La voce non mi esce.
Una parola sbagliata significa un pugno.
Ed io lo so benissimo, come lo sa Lavinia.

Decide di intervenire lei:” Bruno; io sono molto bella. Roberto e’ rimasto folgorato dalla mia bellezza, e ha tirato fuori il suo coso, per toccarselo. Però, ad un certo punto, ha smesso di farlo ed è andato via.”
Bruno inchioda nuovamente con la macchina:” E’ uno scherzo, vero?”
Deve essere un incubo.
Lavinia non può avergli detto una cosa simile.
Mi do un pizzicotto sul viso, ma non mi sveglio.
Lavinia, accorgendosene, mi sorride:” Roberto; cosa fai?”
Devo uscire da questo vicolo cieco, ma non so come fare.
E Lavinia non mi aiuta, anzi:” Roberto; io non sono esperta, lo ammetto. Ma tu non avresti dovuto continuare a toccartelo, finché non fosse uscita una sostanza dal tuo coso?”

Bruno sembra un vegetale.
Ascolta senza reagire.
Dopo i pugni contro il finestrino e il volante, non è più riuscito a ribellarsi.
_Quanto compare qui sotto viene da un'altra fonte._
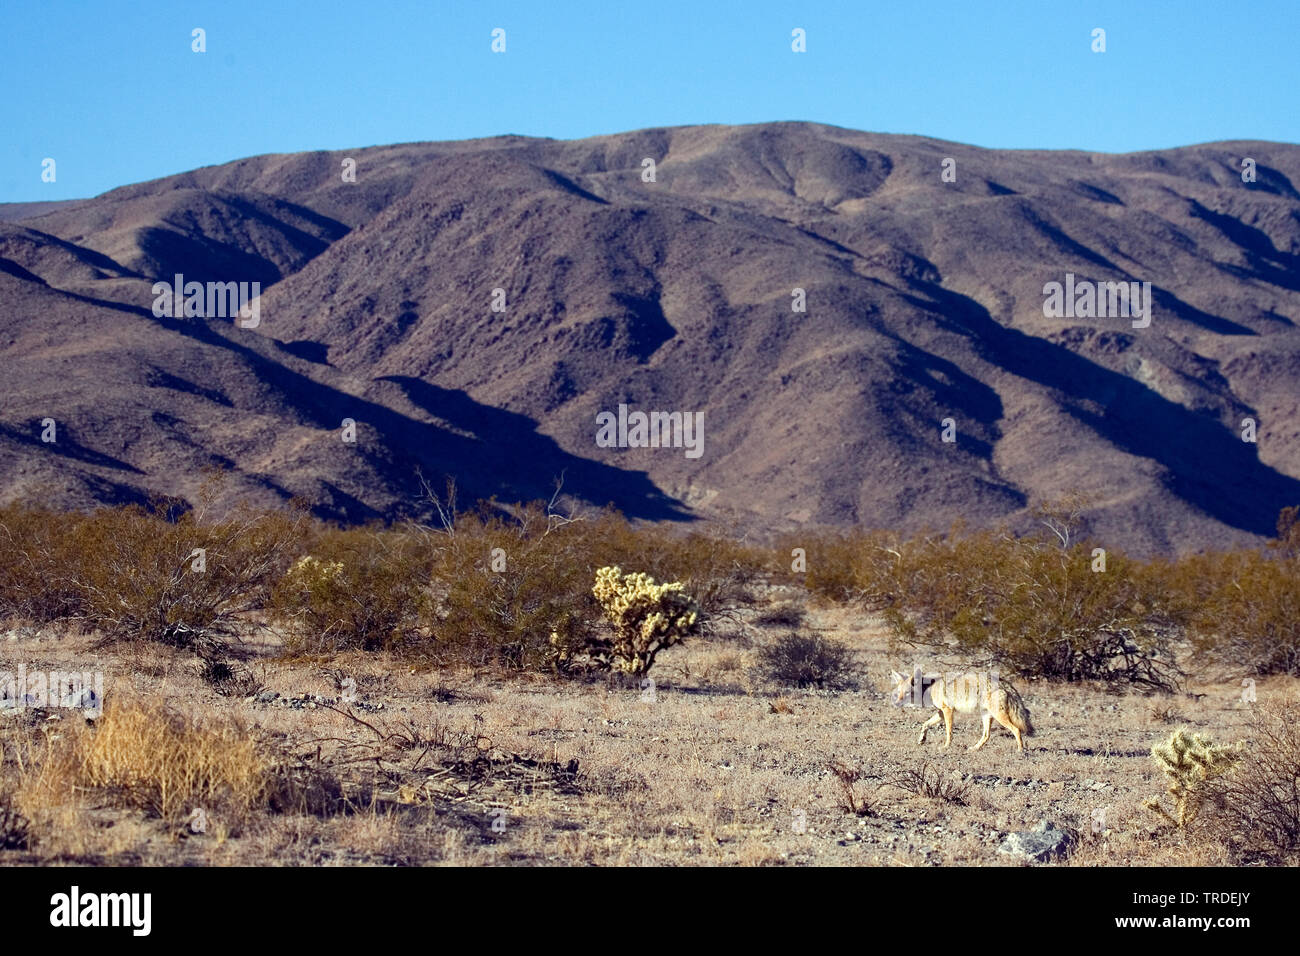 coyote (Canis latrans), USA, California, Joshua Tree National Park Stock Photo

Però la tensione è alle stelle, devo comunque rispondere qualcosa:” Si, ma ho capito che stavo sbagliando. Tu mi hai detto che preferisci Bruno, quindi sono rinsavito prima di creare ulteriori problemi.”
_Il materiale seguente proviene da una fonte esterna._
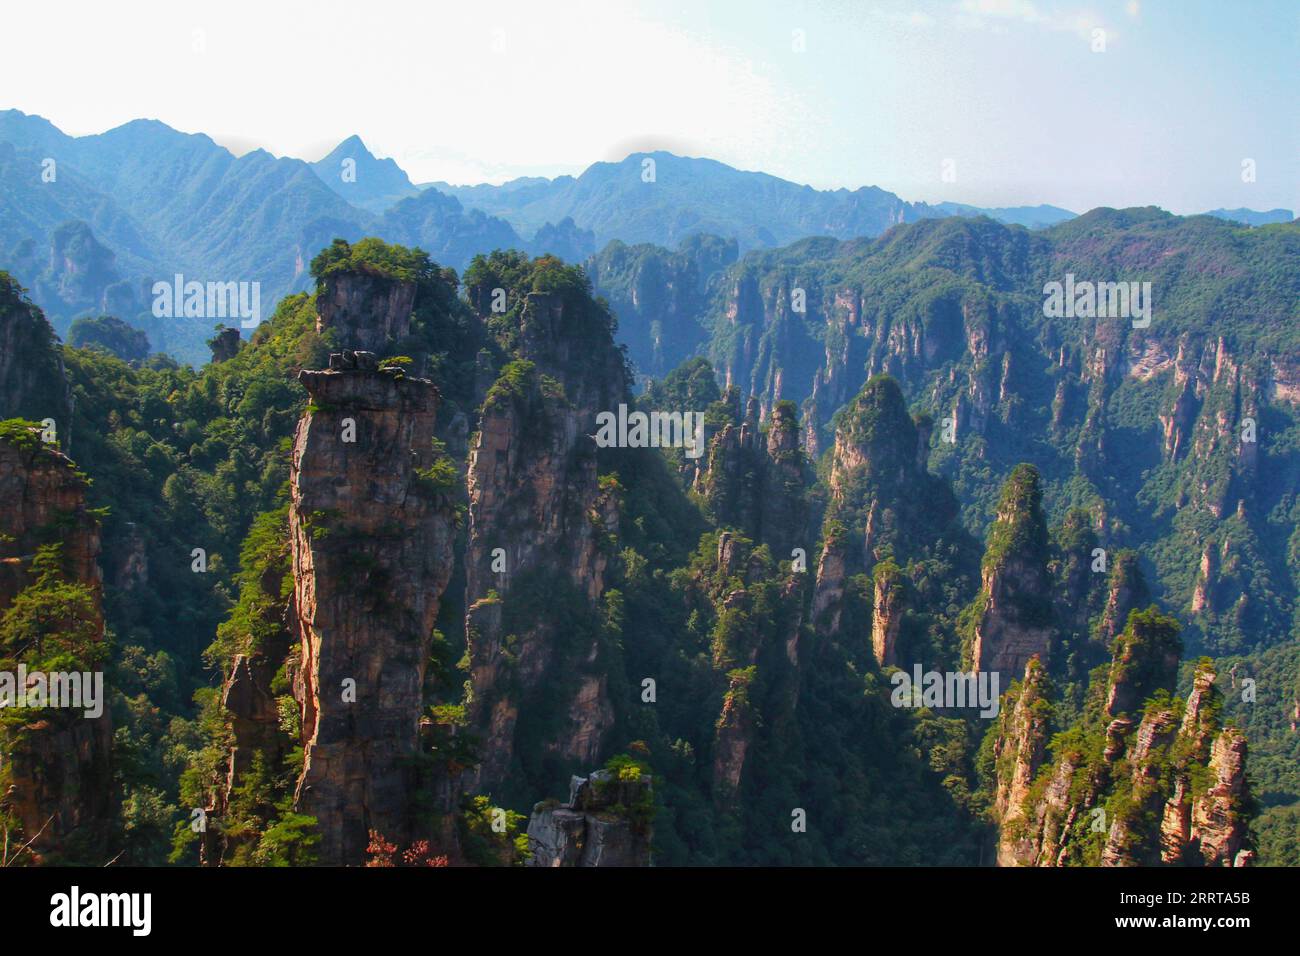 Capturez l'essence époustouflante des montagnes imposantes et pointues emblématiques de la Chine, qui rappellent les paysages impressionnants du film Avatar. Banque D'Images

Lavinia guarda Bruno:” sei l’idolo di Roberto.”
Bruno, a bassa voce, si limita a dire:” E tu gli hai permesso una roba simile, scusa?”
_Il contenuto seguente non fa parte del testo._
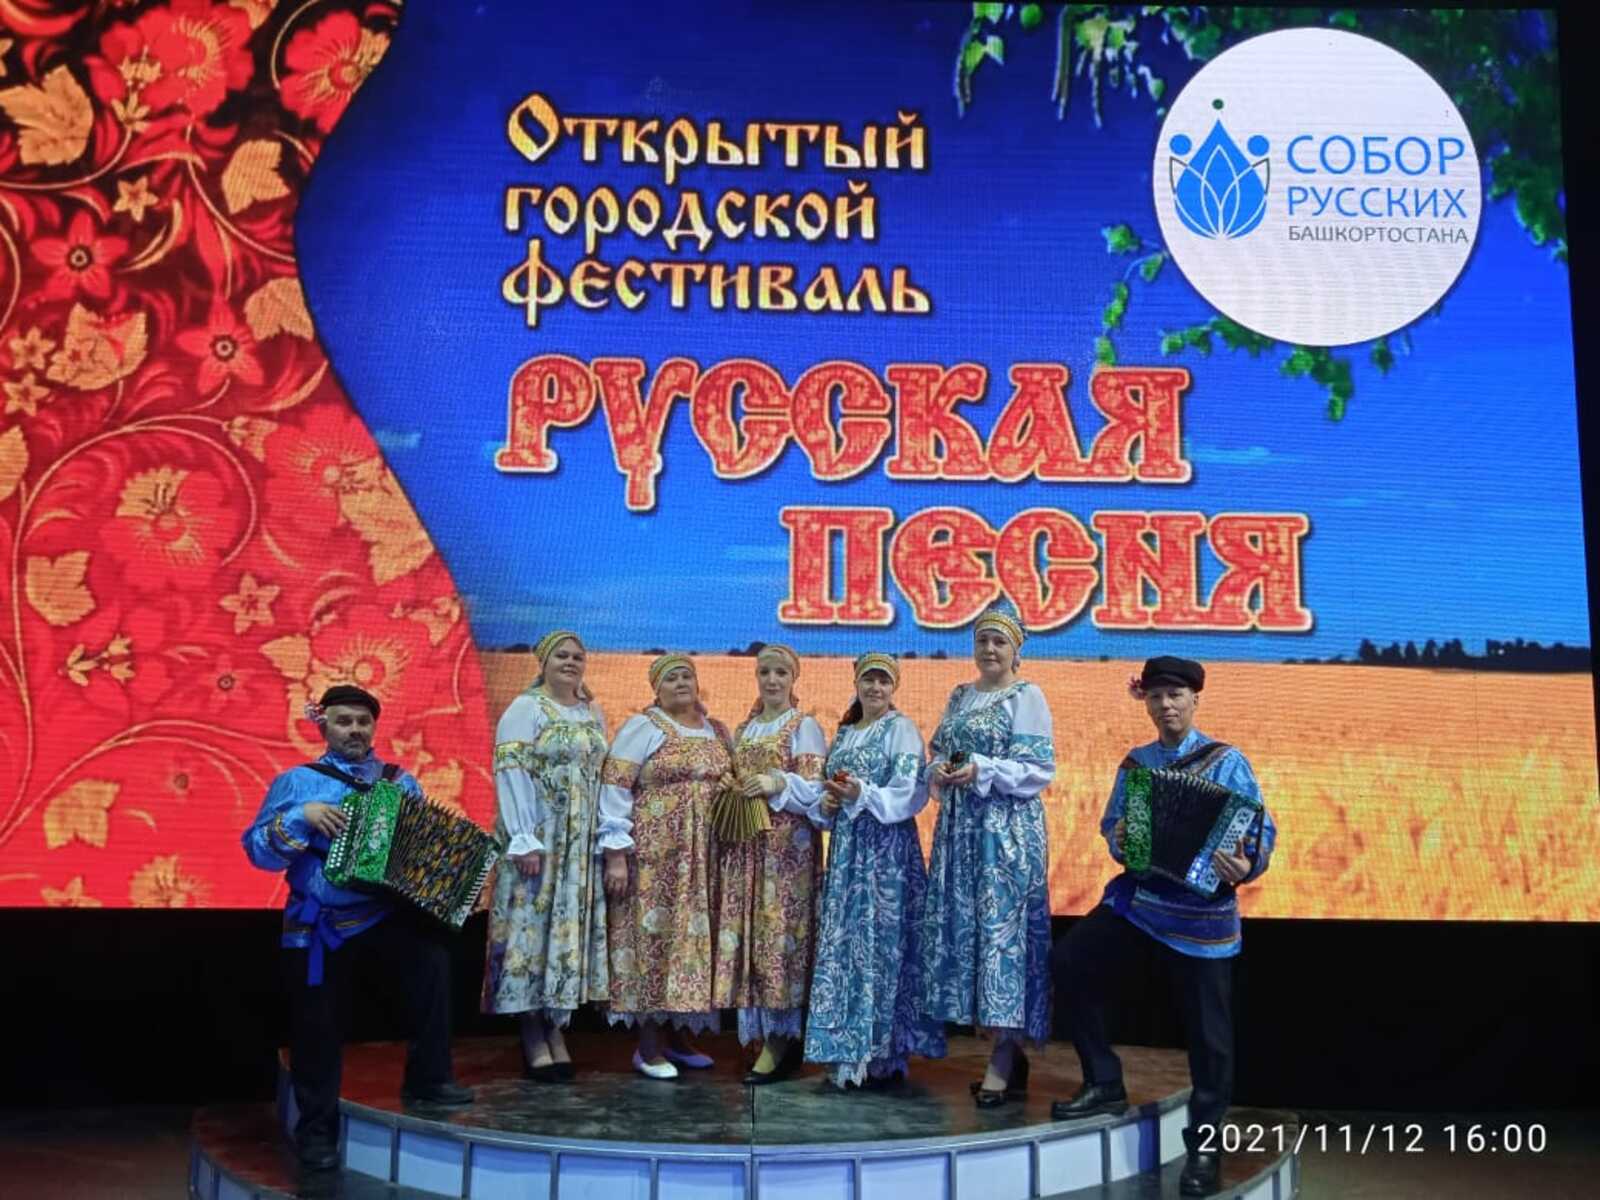 Ансамбли Дуванского района приняли участие в фестивале «Русская песня».

Lei si giustifica:” Ma Roberto e’ rimasto distante da me, non e’ voluto venire vicino a me.”
Il mio compagno di classe inizia a grattarsi i capelli:” In che senso non e’ voluto venire vicino a te?”
Lavinia gli risponde:” Non so, l’ho detto così.”
”Fatemi capire. Lui e’ voluto venire a casa tua, e si è messo a segarsi?” domanda Bruno.
La mia compagna di banco scuote la testa:” No, l’ho invitato io.”
“Come?” chiede, stizzito, Bruno.
Lavinia si lascia andare, appoggiando la schiena ai sedili:” Ho voluto presentarlo a mia mamma. E’ il mio compagno di banco. “
Lui si gira verso di me, rimanendo in silenzio.
Lavinia prende il cellulare, per guardare l’orologio:” Bruno; andiamo. E’ tardi.”
Il nostro compagno di classe riprende a guidare, in totale silenzio.
La mia compagna di banco canticchia una canzone.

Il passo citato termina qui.